- **Problem description**
Would you please transcribe the data in full and exactly, excluding images?

- **Input data**

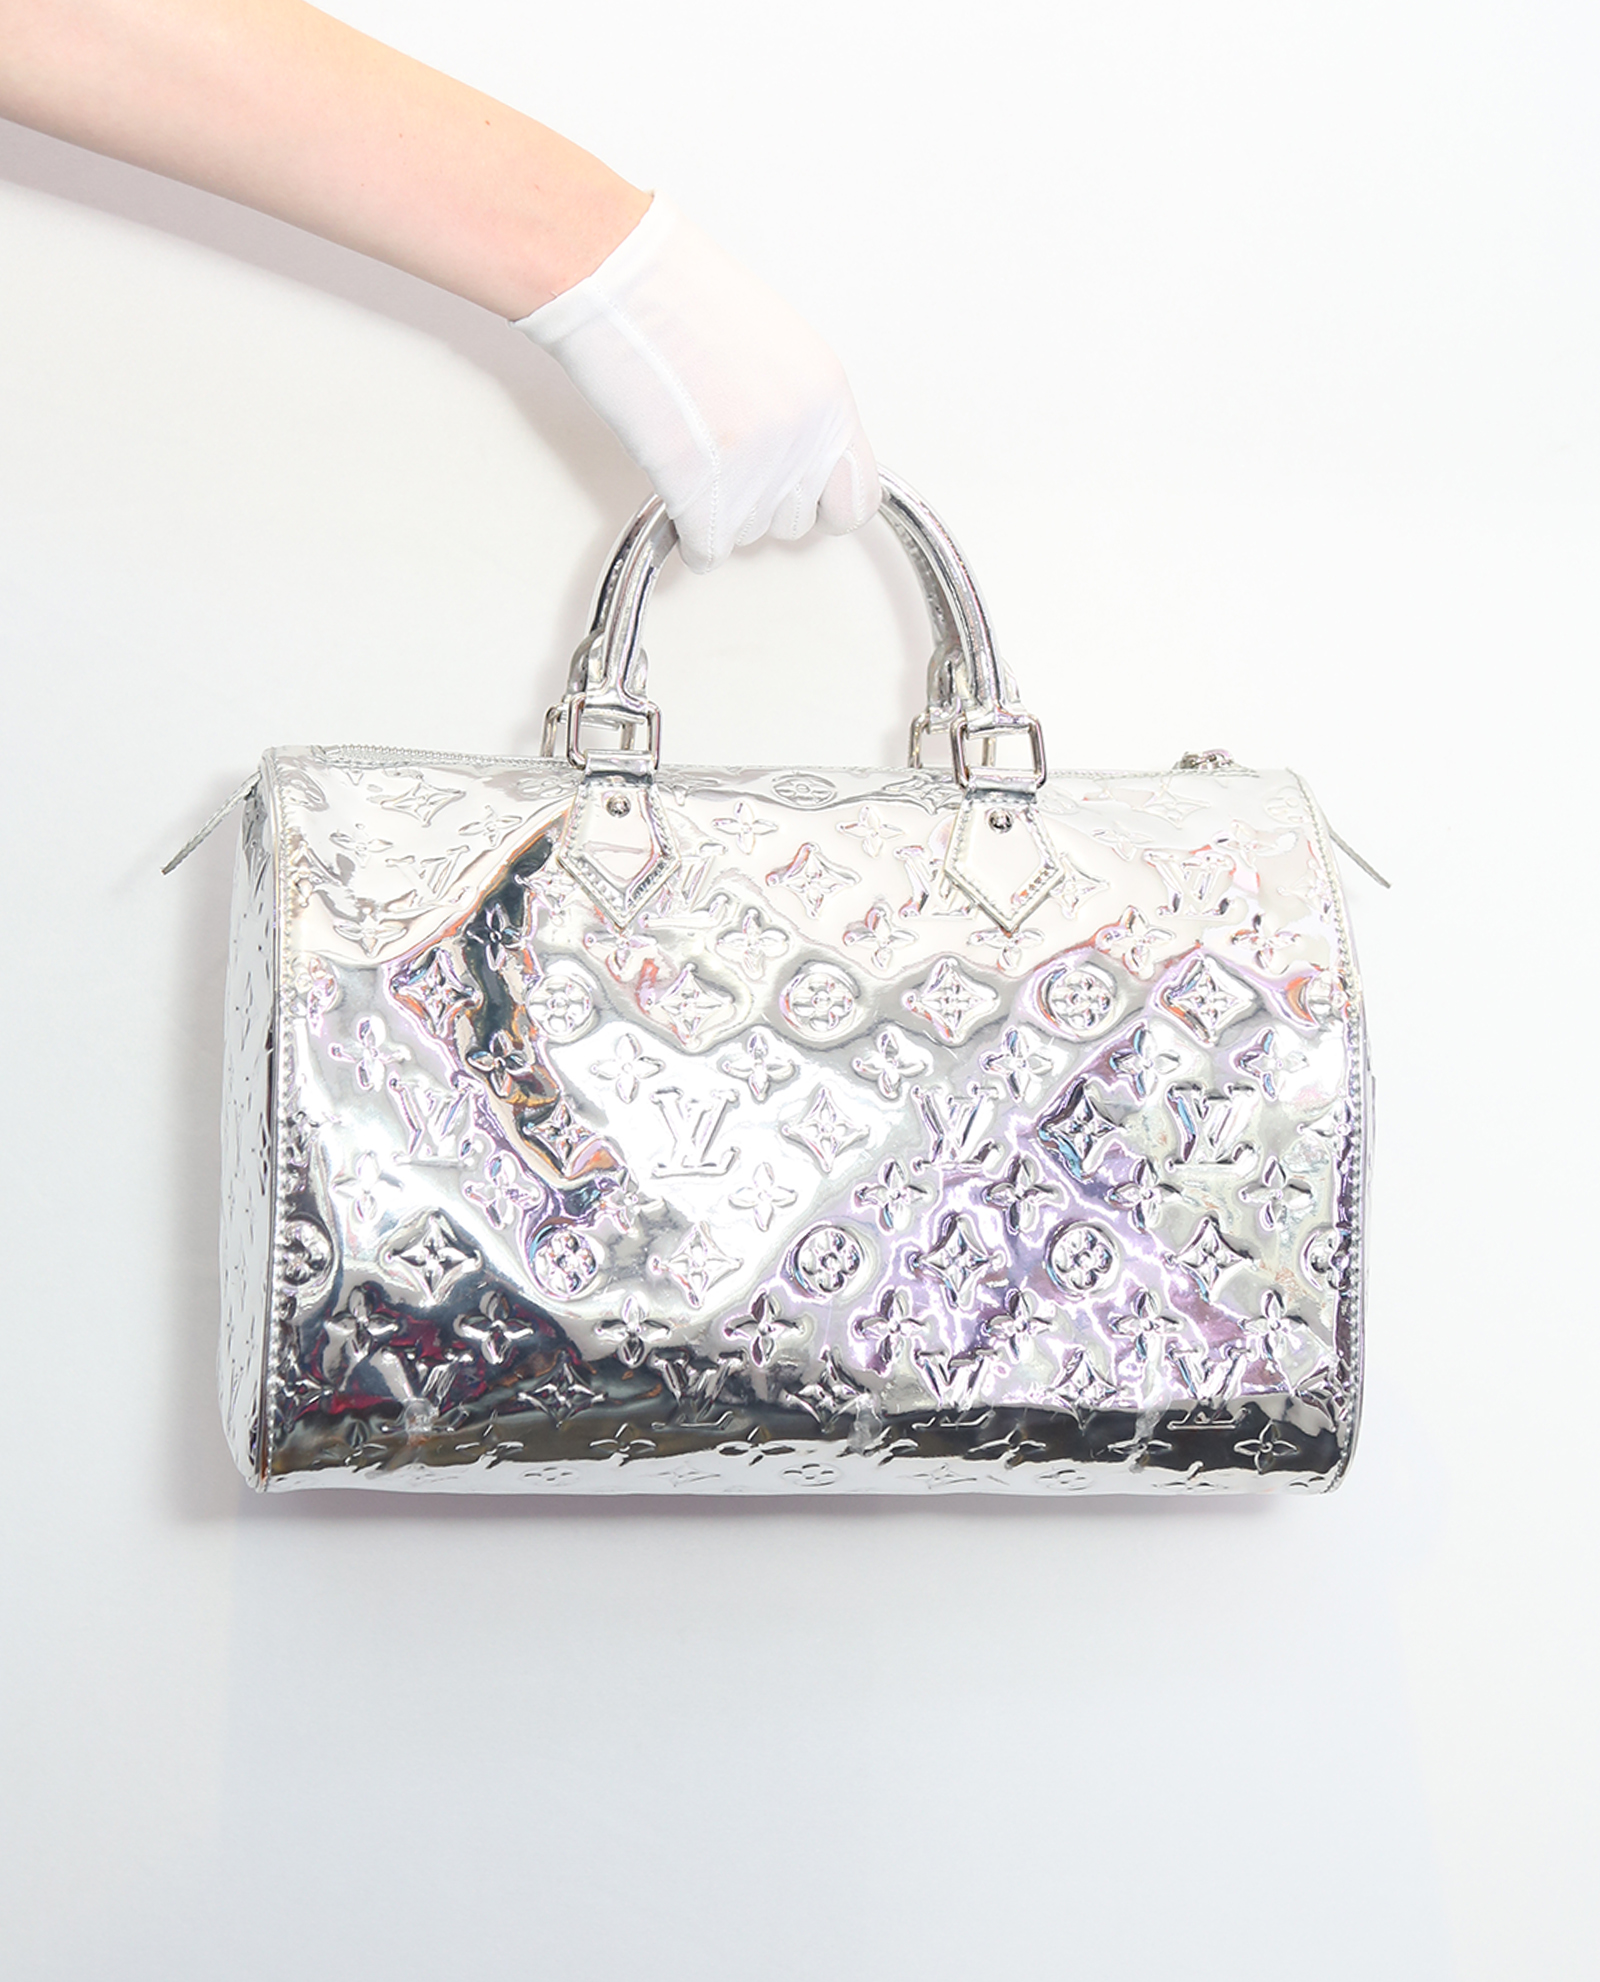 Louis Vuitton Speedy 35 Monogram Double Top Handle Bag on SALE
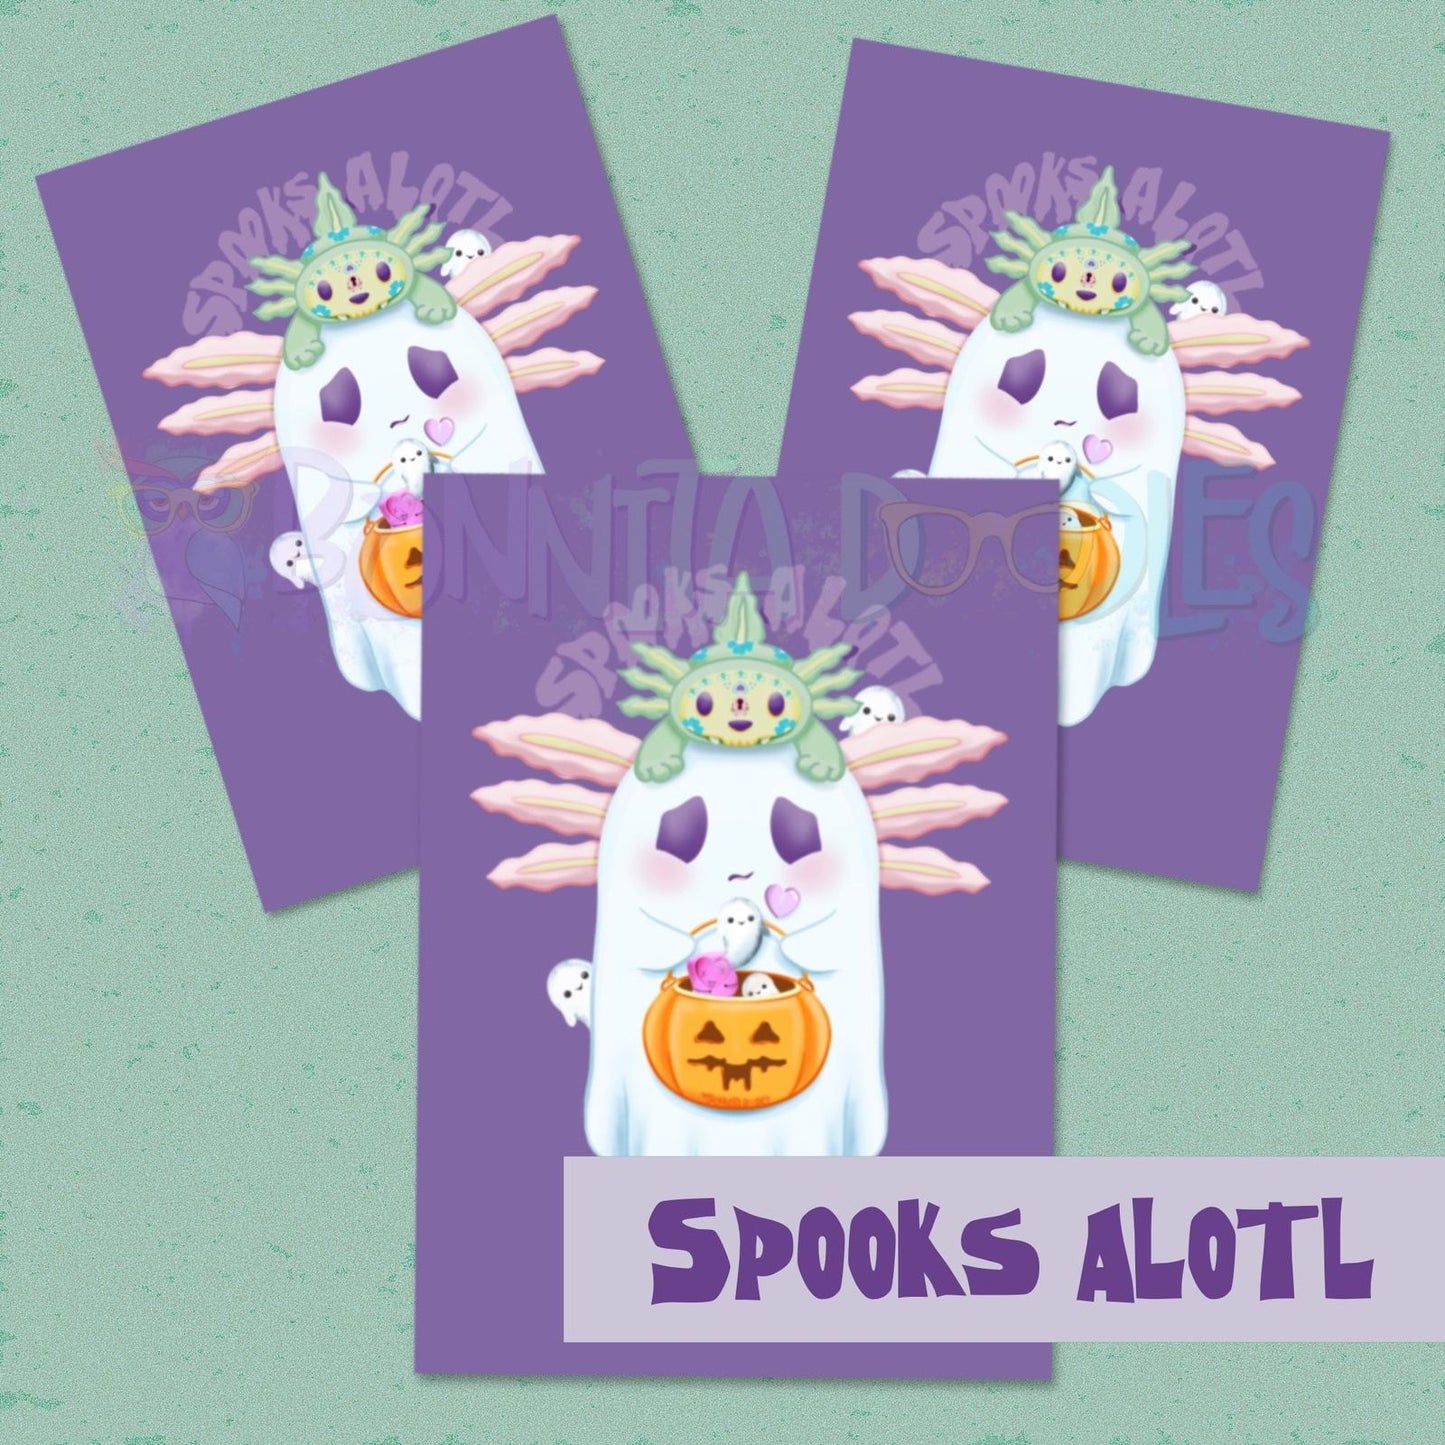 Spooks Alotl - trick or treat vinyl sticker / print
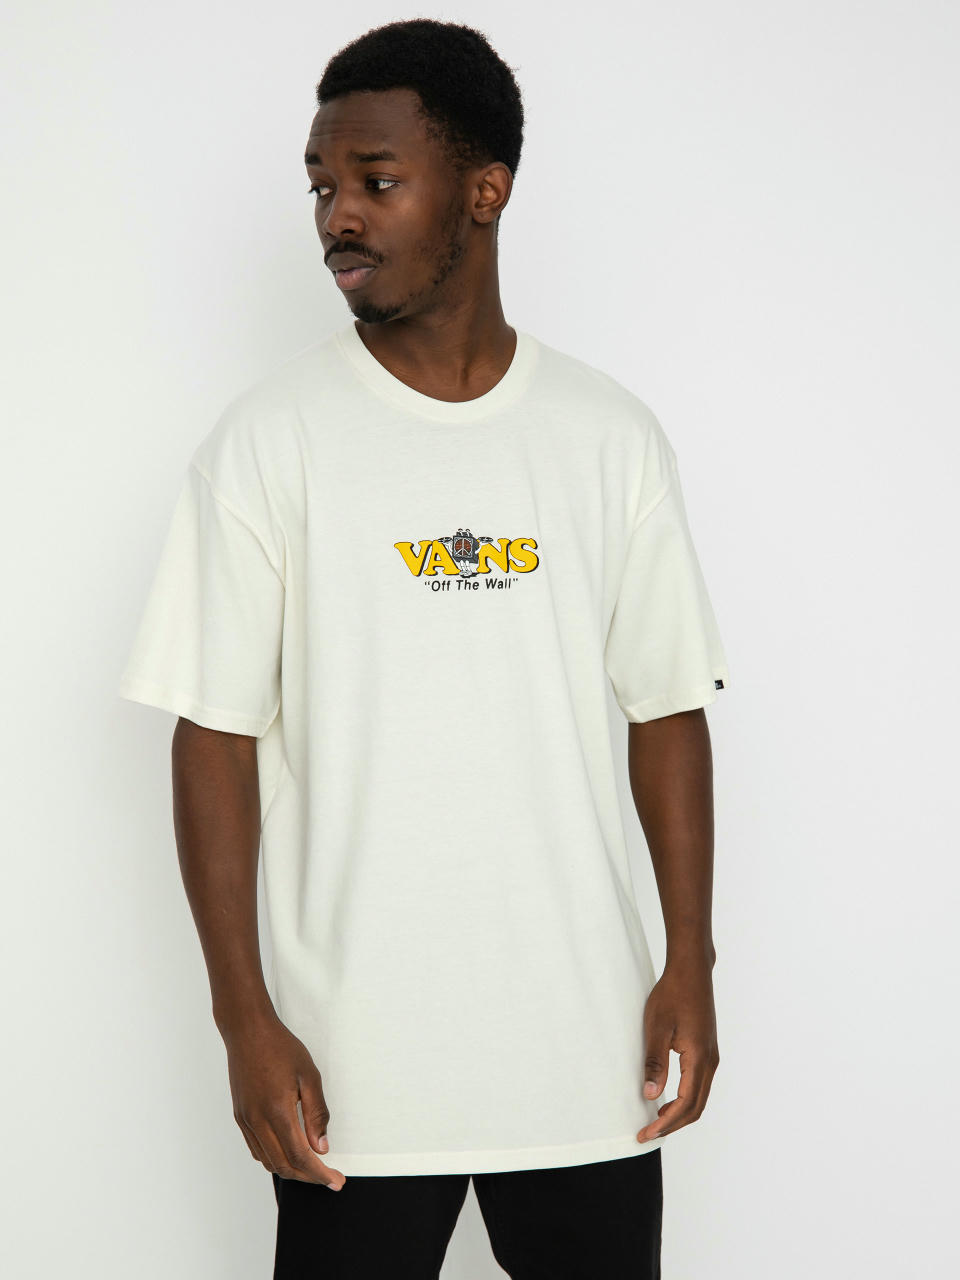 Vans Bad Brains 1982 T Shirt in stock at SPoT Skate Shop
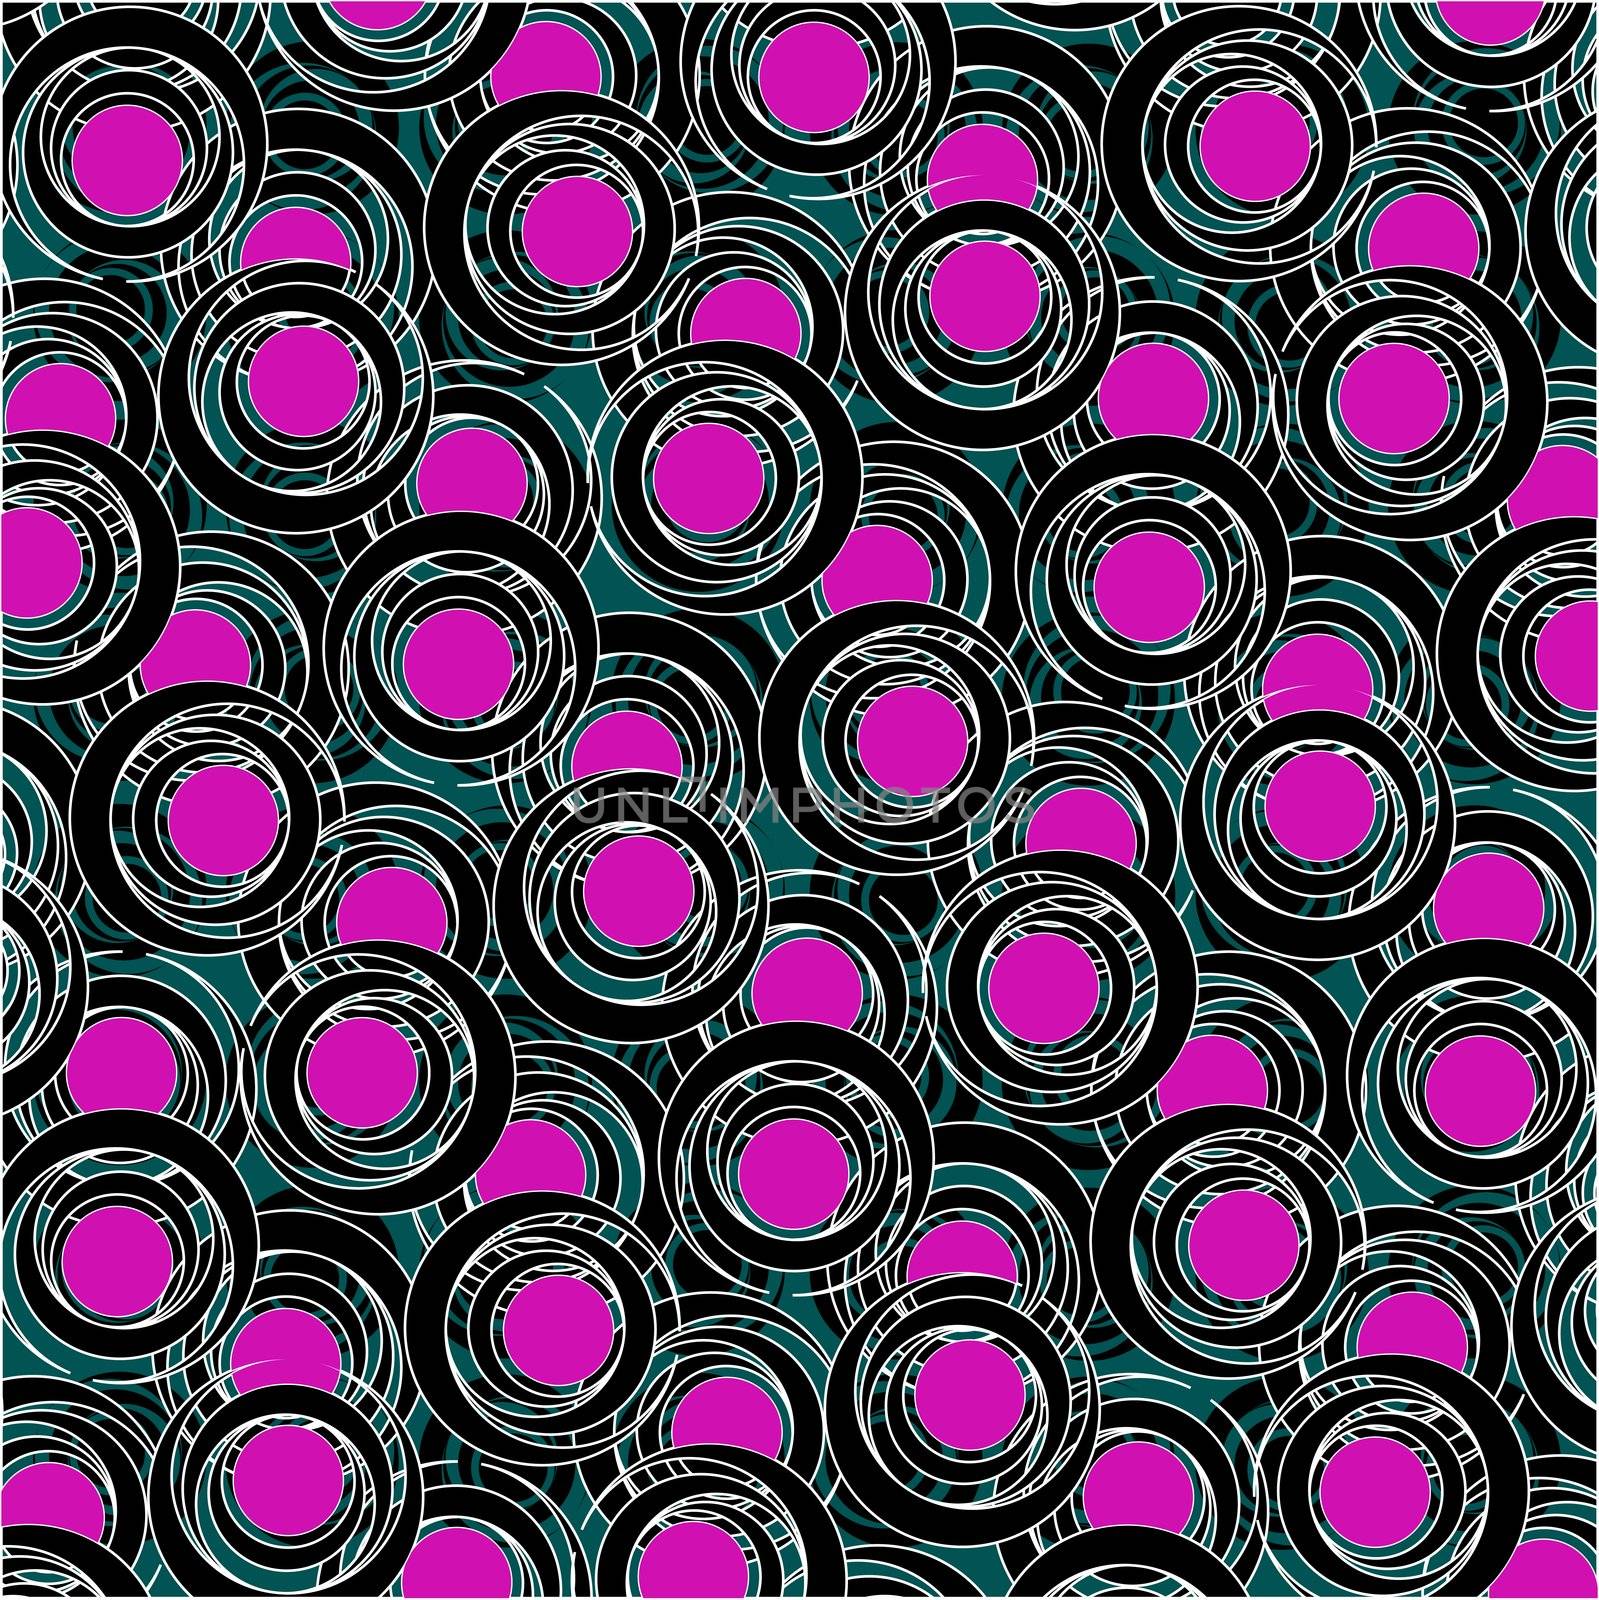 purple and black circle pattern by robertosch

- **Task solution**
 Louis Vuitton Speedy 35 Monogram Double Top Handle Bag on SALE
 Spooks Alotl - trick or treat vinyl sticker / print
 Vans Bad Brains 1982 T Shirt in stock at SPoT Skate Shop
 purple and black circle pattern by robertosch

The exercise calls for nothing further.